1.2. Accords, instruments et perceptions entre « ombre et lumière »

L’ECT se caractérise par la présence de différents systèmes d’organisations administratifs.

Parfois, la dissymétrie des compétences et des fonctions engendrent des complexités supplémentaires pour nouer des relations ou pour développer des projets. Notons que les dernières réformes concernant la restructuration des services de l’Etat et des collectivités locales en France et la spécificité du régime autonome de la Catalogne avec la mise en place d’un nouveau statut d’autonomie/d’indépendance sont difficiles à conjuguer. En particulier pour le Programme Opérationnel Espagne France Andorre (POCTEFA).
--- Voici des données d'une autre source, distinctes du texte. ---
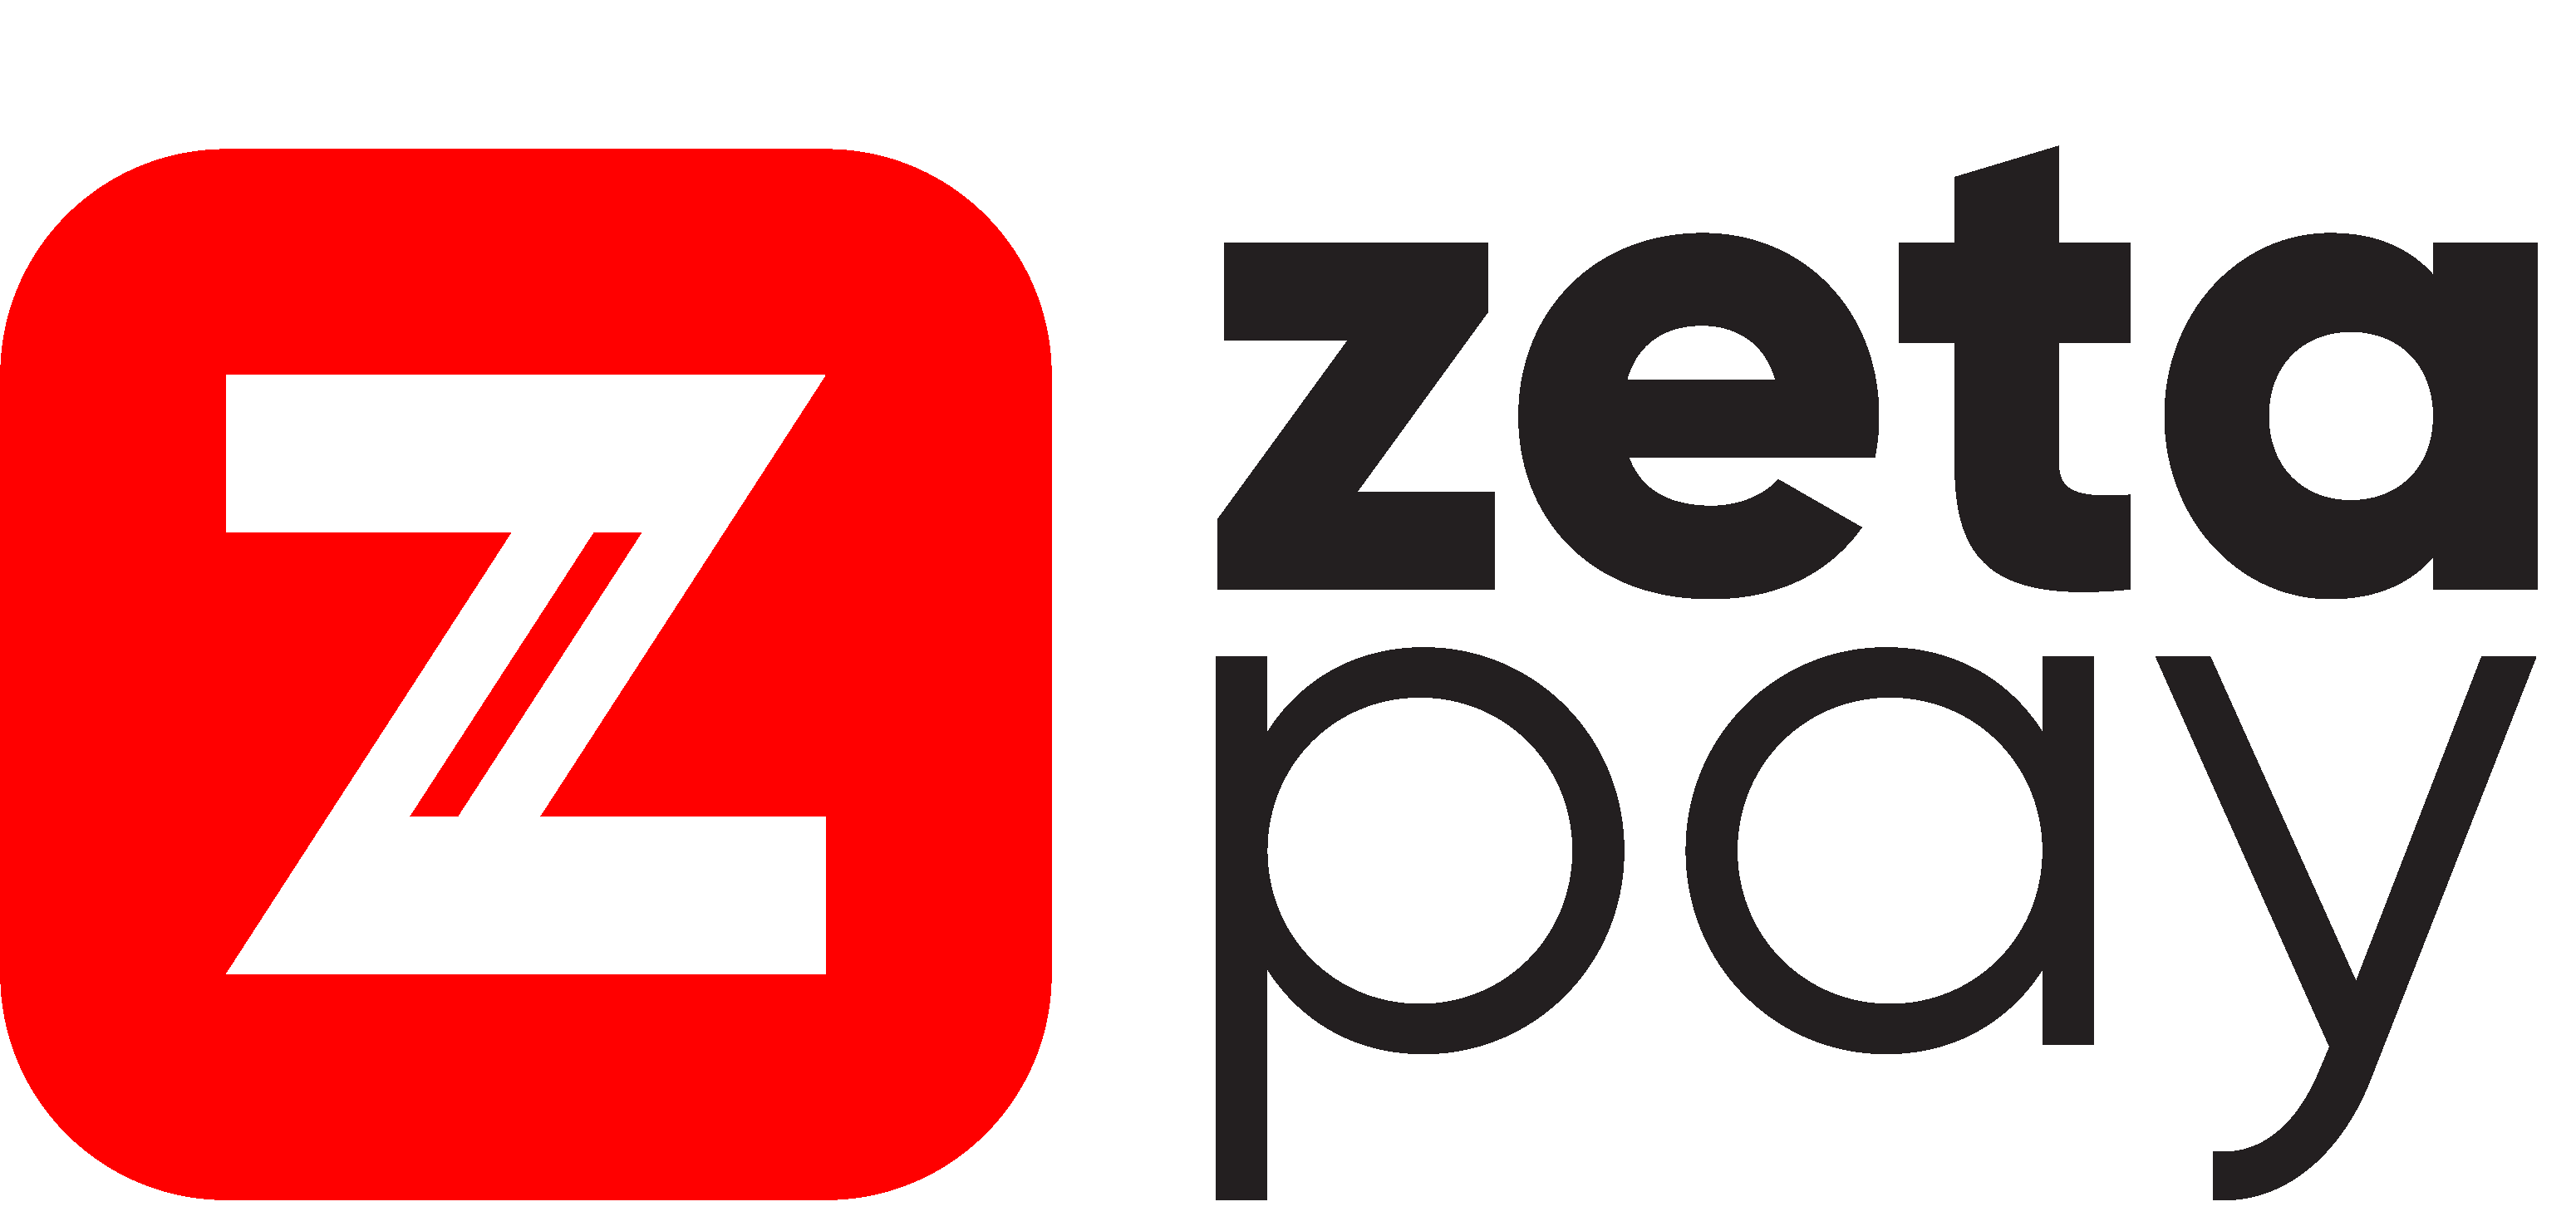 ZetaPay – Payment Processing + Merchant Cash Advance + Business Funding
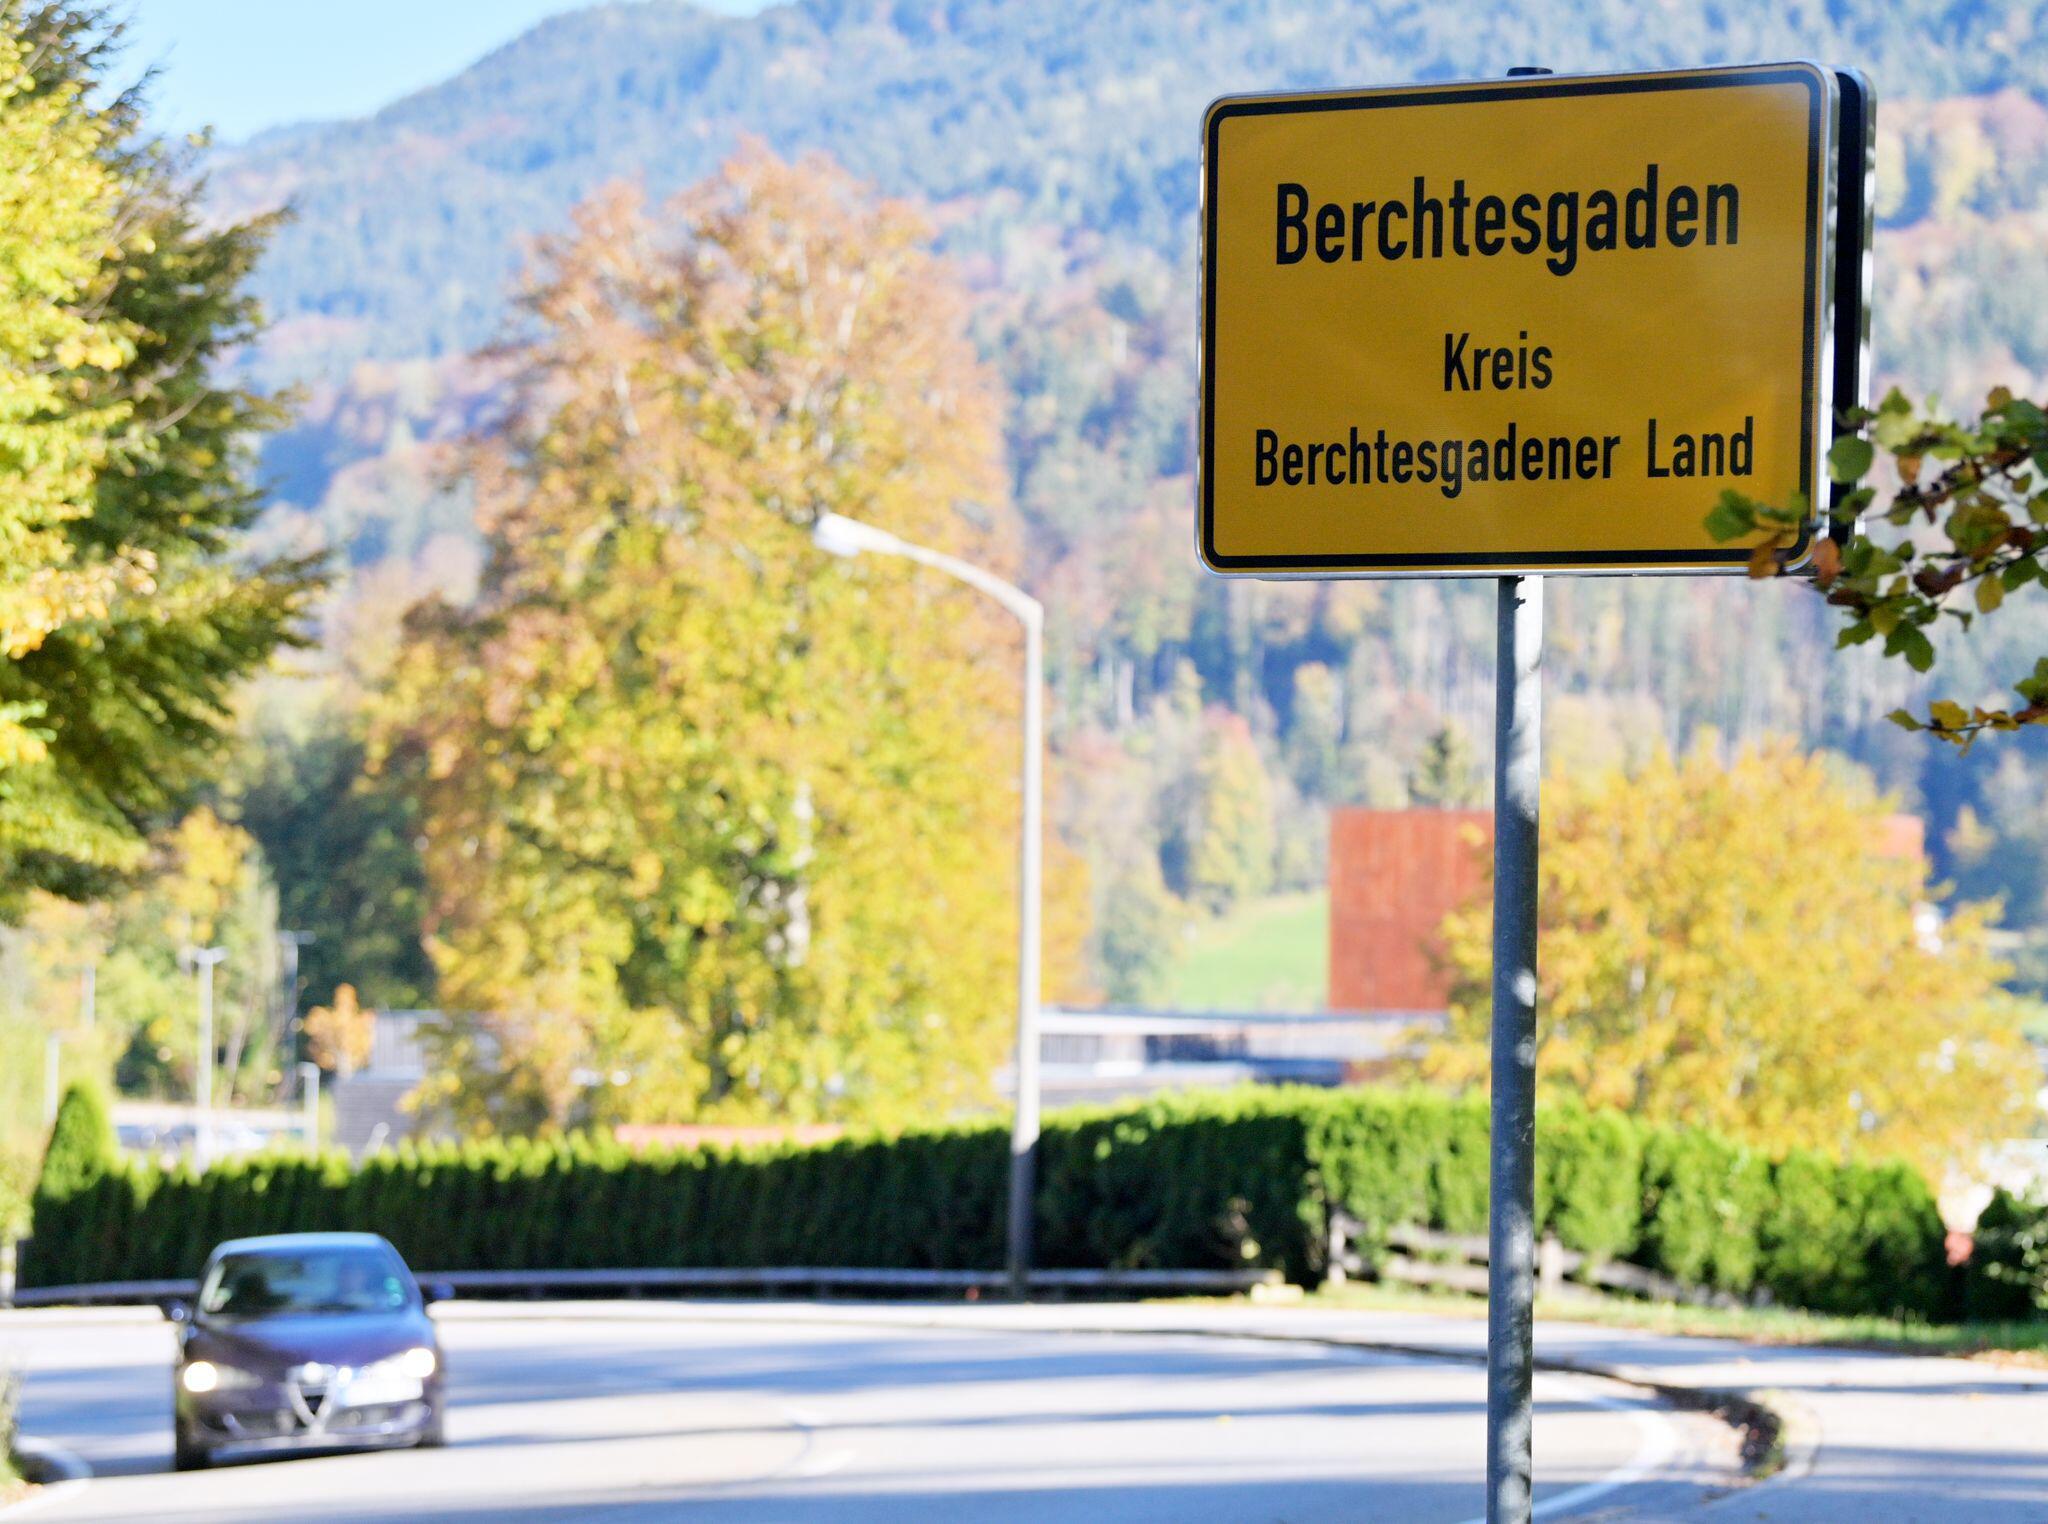 Ausgangsbeschränkungen und geschlossene Schulen: Berchtesgadener Land verhängt Lockdown

De plus, comme le rappelle J-F Castex-Ey : « la Catalogne Nord, est à la fois le fruit d’une confrontation historique entre les sentiments d’appartenance catalan et français depuis le Traité des Pyrénées […], et stimulée ou suscitée par des facteurs beaucoup plus récents que sont, pêle-mêle, la décentralisation administrative, la construction européenne, la globalisation et les mutations démographiques en cours »38. Cependant, plusieurs raisons caractérisent le choix de ce terrain d’étude que nous détaillons à partir de thématiques illustrant les rapports semblables et dissemblables de cette région transfrontalière. Plus généralement, ceux entre la France et l’Espagne39 :

La première concerne les accords et instruments mis en place dans le cadre d’une amélioration de territoires de proximité : le traité de Bayonne signé le 10 mars 1995 entre la

38 CASTEX-EY J-F. « L’Espace Catalan Transfrontalier : une identité géopolitique en construction ? », RECERC n°2, Spécial Coopération Transfrontalière, pp.1-4p.

39 Données extraites du Livre blanc et du site web de la MOT (Mission Opérationnelle Transfrontalière). URL : http://www.espaces-transfrontaliers.org.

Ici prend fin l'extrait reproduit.